Beverage conglomerate Foster’s is no longer in talks with the international private equity firm which made an A2.7 billion offer to buy the wine-making arm of its business, Treasury Wine Estates, in September, David Crawford, chairman of the Southbank, Victoria-based company told reporters Tuesday.
Neither had the company held talks with any other private equity firm regarding a potential purchase, Crawford, who was speaking after the company’s annual general meeting on Tuesday, was reported by Reuters to have added.
However, addressing the AGM, he said the company would consider any further proposals for the business.
“We have said from the day we announced the proposal to consider a demerger that we were still prepared to consider all possibilities, and that includes consideration of any offers if they are made,” Crawford told the annual general meeting,” he stated, according to Reuters.
Foster’s first proposed the demerging of its wine and beer businesses in May this year.
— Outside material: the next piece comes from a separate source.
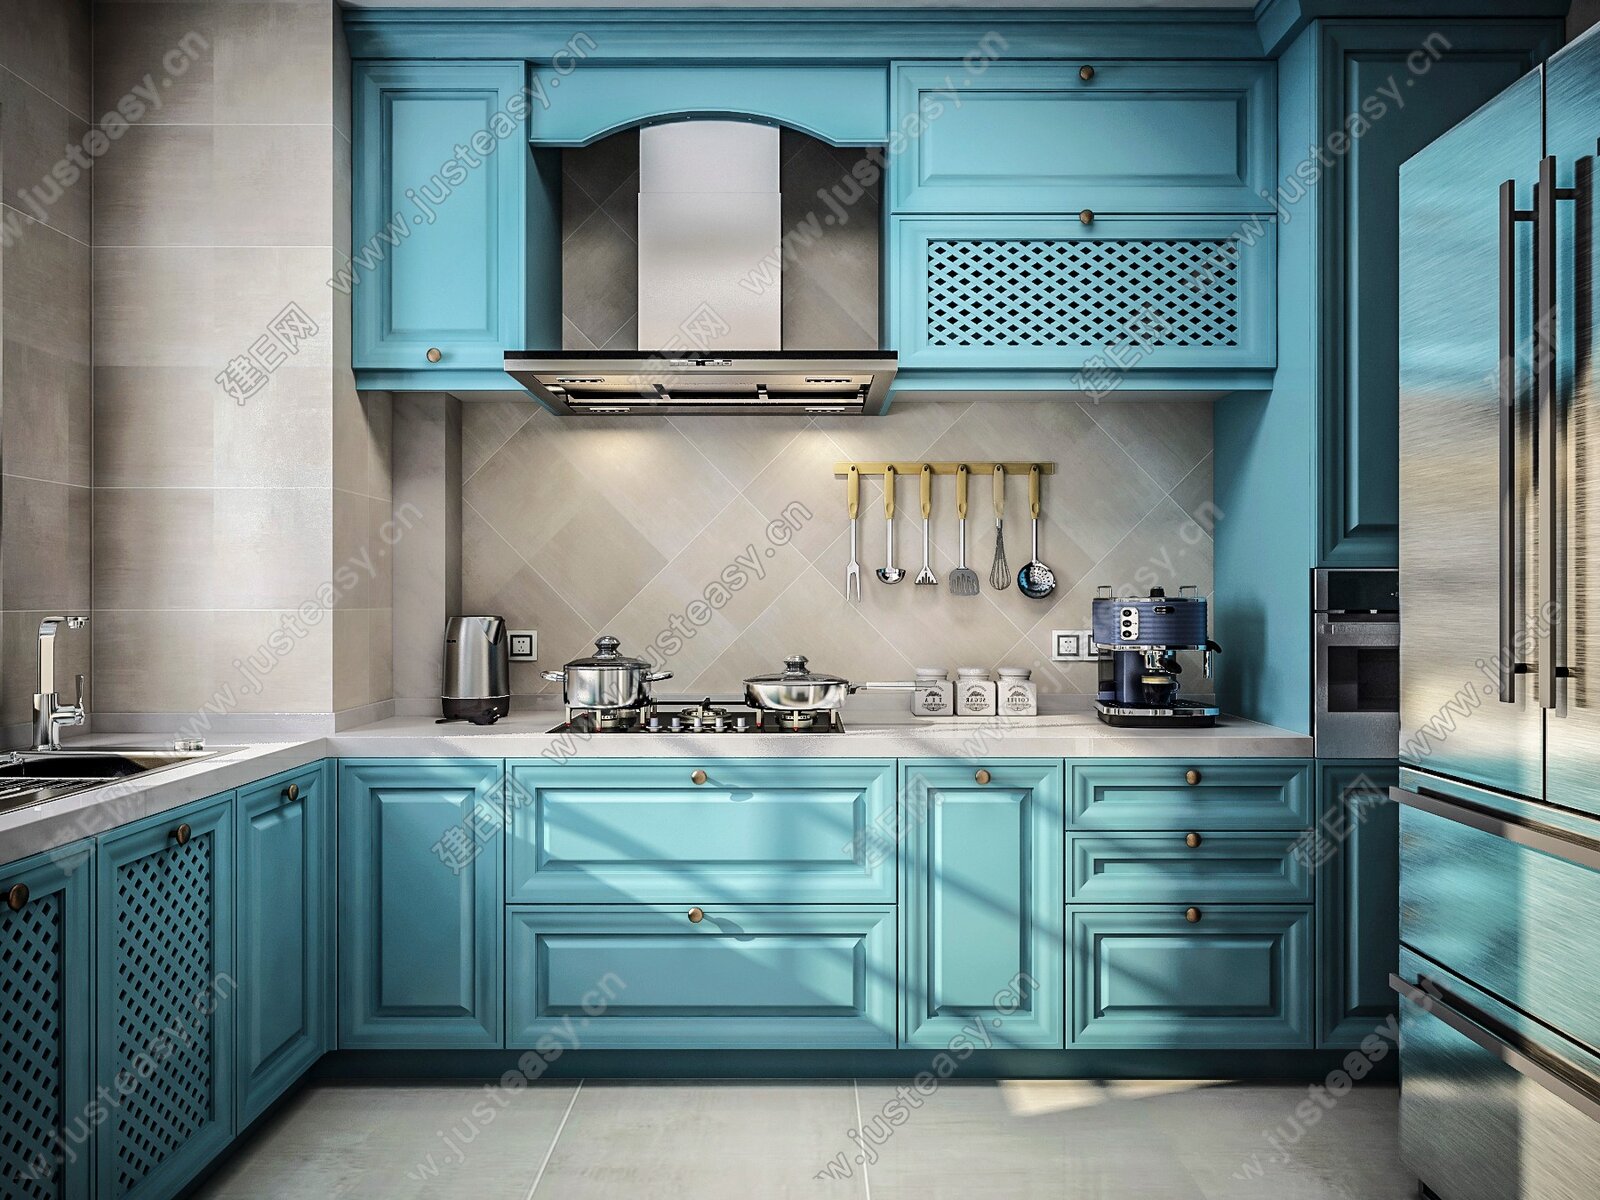 地中海风格厨房砖砌橱柜图片 – 设计本装修效果图

In a statement released after the AGM on Tuesday, Crawford stated the decision was “still subject to completion of a detailed evaluation of the issues, costs and benefits to Foster’s shareholders, and an ongoing assessment of prevailing economic and capital market conditions”.
However, he added, subject to further due diligence and shareholder approval, the demerger could place in H1 2011.
Last month, Foster’s rejected an offer for Treasury Wine Estates from an international private equity firm, later known to be US firm Cerberus Capital. The company said the bid, reportedly in the region of up to A$2.7 billion, “significantly undervalued” the business.
Following that, it was reported that global firms KKR and TPG were also considering putting together an offer for the company, either together or separately.
Foster’s wine portfolio includes brands such as Beringer, Penfolds, Lindemans, Wolf Blass and Rosemount.